Gayle Trotter seems to have some odd inconsistencies in her outlook. First, Evan McMorris-Santoro reports in TPMDC:

Gayle Trotter, the conservative activist who became the breakout star of Wednesday’s gun violence hearing in the Senate with her adamant cry that women need assault rifles to defend themselves, wrote last year that she opposed the Violence Against Women Act.

The reason, she said at the time, was the law would create the prospect of “false accusers” stealing taxpayer money by using shelters and legal aid.

On Wednesday, Trotter used the fear of violence against women to support gun laws that allow access to large capacity magazines and assault weapons in her testimony.

“An assault weapon in the hands of a young woman defending her babies in her home becomes a defense weapon,” she said.

Trotter based her defense of gun rights on the need for women to defend themselves against those who would commit violent acts against them. Back in 2012, she was not as supportive of the federal government’s efforts to protect women with VAWA. The law, she wrote on the website of the Independent Women’s Forum, could promote false accusations of domestic violence.

Trotter opposed VAWA, she wrote last year, because it opened the door to false accusers wasting taxpayer funds.

“Americans all want to deter violence, but we also need to protect that foundational principle of the presumption of innocence,” said her April 2012 post. “Needed resources like shelters and legal aid can be taken by false accusers, denying real victims of abuse access to these supports. That result runs directly counter to the VAWA’s spirit.”

Trotter was also skeptical of the law for other reasons cited by . . .

Continue reading.

And Amy Davidson reports in the New Yorker:

What gun does a woman want? AR-15s are “easy for women to hold,” Gayle Trotter, of the Independent Women’s Forum, said to the Senate Judiciary Committee, in her explanation of why an assault-style weapon was just what a young mother needed. She praised their weight, handling, “and most importantly, their appearance,” since “the peace of mind knowing she has a scary-looking gun gives her more courage.” When Senator Sheldon Whitehouse of Rhode Island asked whether a more modest weapon might not do the trick, Trotter said, “You can not understand. You are not a woman.” The senator was “a big man,” while women were little. A woman, Trotter said, might have to fight off four or five criminals “with her children screaming in the background.” She deserved “a right to choose” a weapon with a thirty-round magazine.

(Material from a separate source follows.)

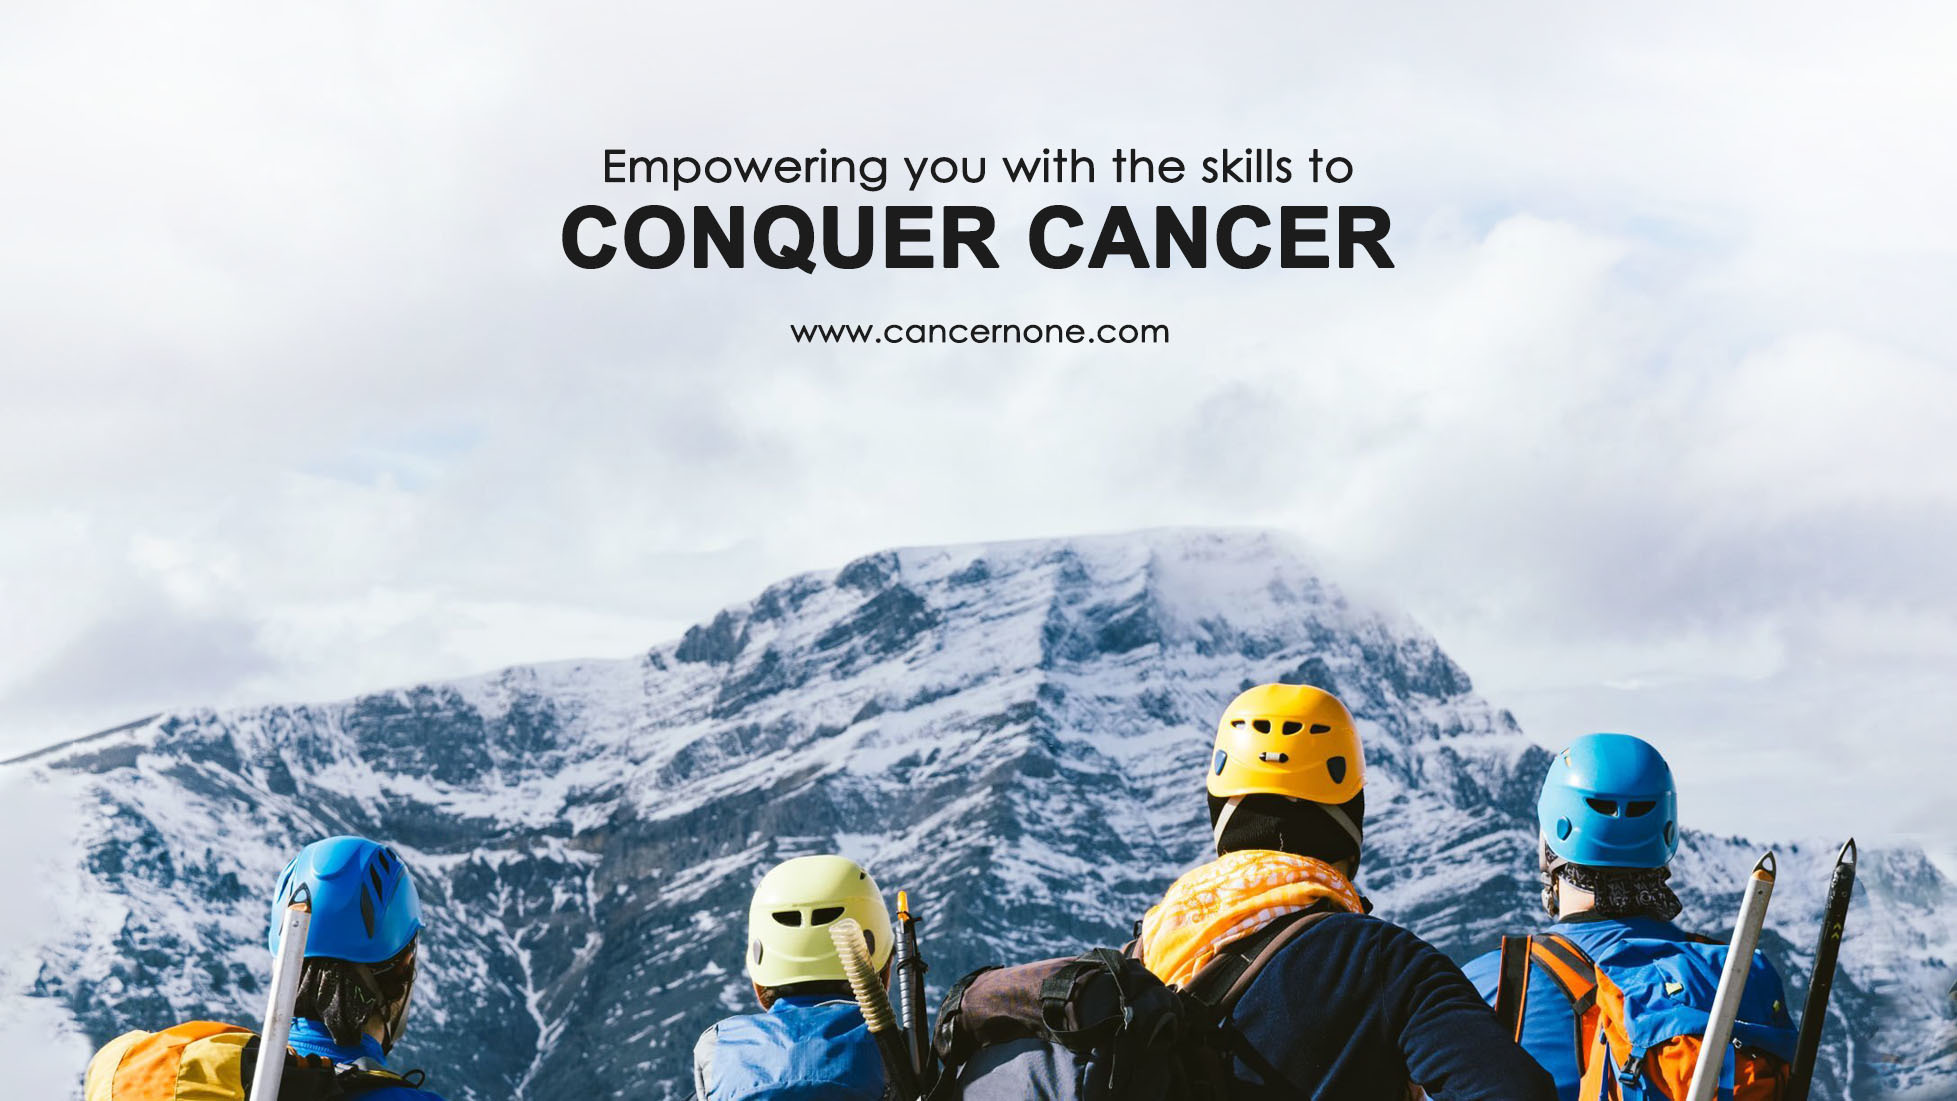 Cancernone Medical presents a Wide Array of Cancer Related Medical Guidebooks About Diagnosis, Treatment and Recovery

Women, as much as criminals and the mentally ill, were the subject of caricaturing at the hearings Tuesday. They were the besieged victims with only an AR-15 between themselves and a chaotic world of rapists and home invaders. To hear Trotter and her fellow-witness, Wayne LaPierre of the N.R.A., tell it, a gun is the sort of thing one ought to keep near a baby, like syrup of ipecac or a box of Band-Aids. Senator Chuck Grassley asked Trotter whether “banning guns which feature designs to improve accuracy disproportionately burdens women”—women apparently being not only small but also wild shooters. She thought they would. (Neither mentioned what might be the disproportionate benefit of closing a loophole that allows people with domestic-violence records to buy guns without background checks.) There was also a digression about how women, unlike criminals, quietly obeyed laws. Senator Lindsey Graham, in arguing about limits on magazines, told a story about a woman hiding in a closet who managed to put five of the bullets in her six-shooter into the body of a criminal who nonetheless drove away: “There can be a situation where a mother runs out of bullets because of what we do here.”

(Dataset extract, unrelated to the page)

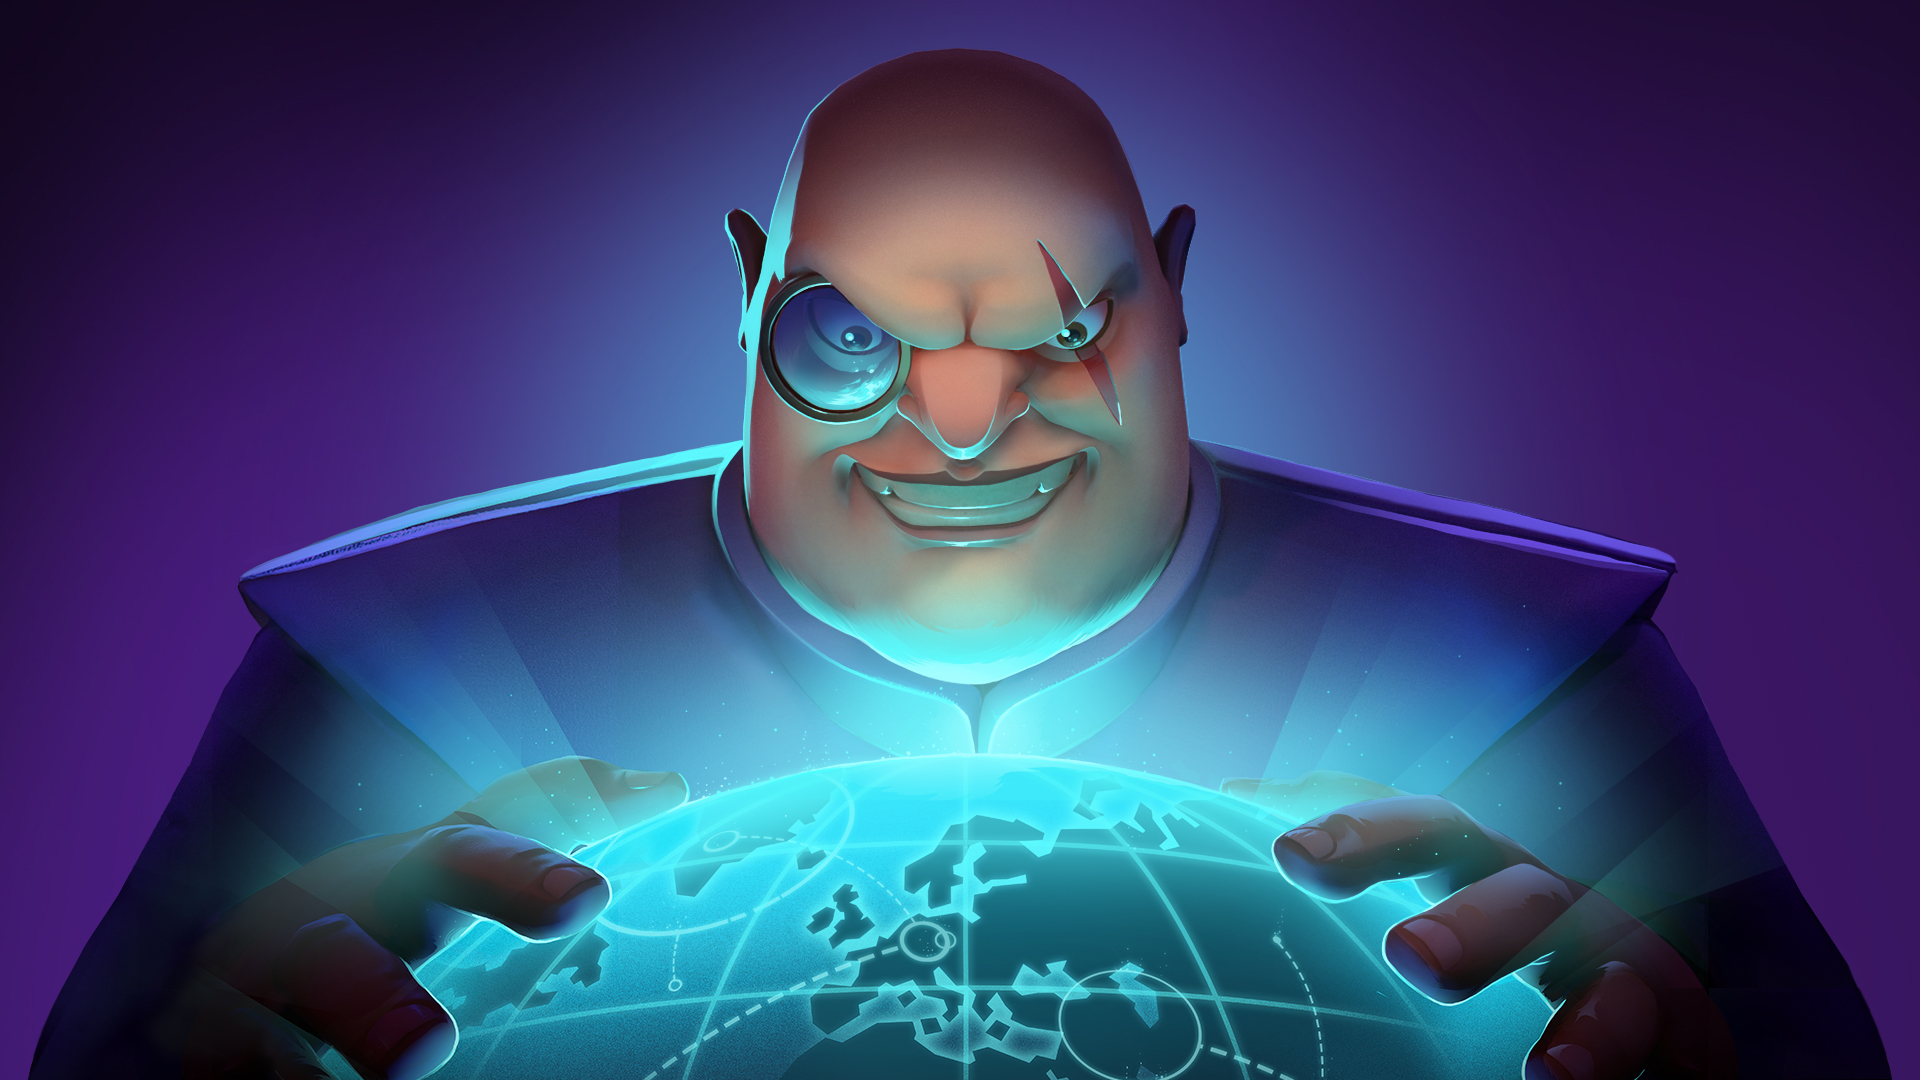 Evil Genius 2 Unveils A Full Schedule Of Secrets To Be Revealed!

And yet, as I’ve written before, a gun in the home tends to do little more than make bad situations worse. When a gun is involved in domestic disputes, the chances that a woman will end up dead are far higher. A follow-up of a survey of women who had been the victims of domestic violence found that those who’d said they had a gun in the house were six times more likely to have been murdered. A gun kept within reach of a mother at all times is also something a toddler, or an older child, can find. Nancy Lanza had a lot of guns in her house. They kept neither her nor the children of Newtown safe.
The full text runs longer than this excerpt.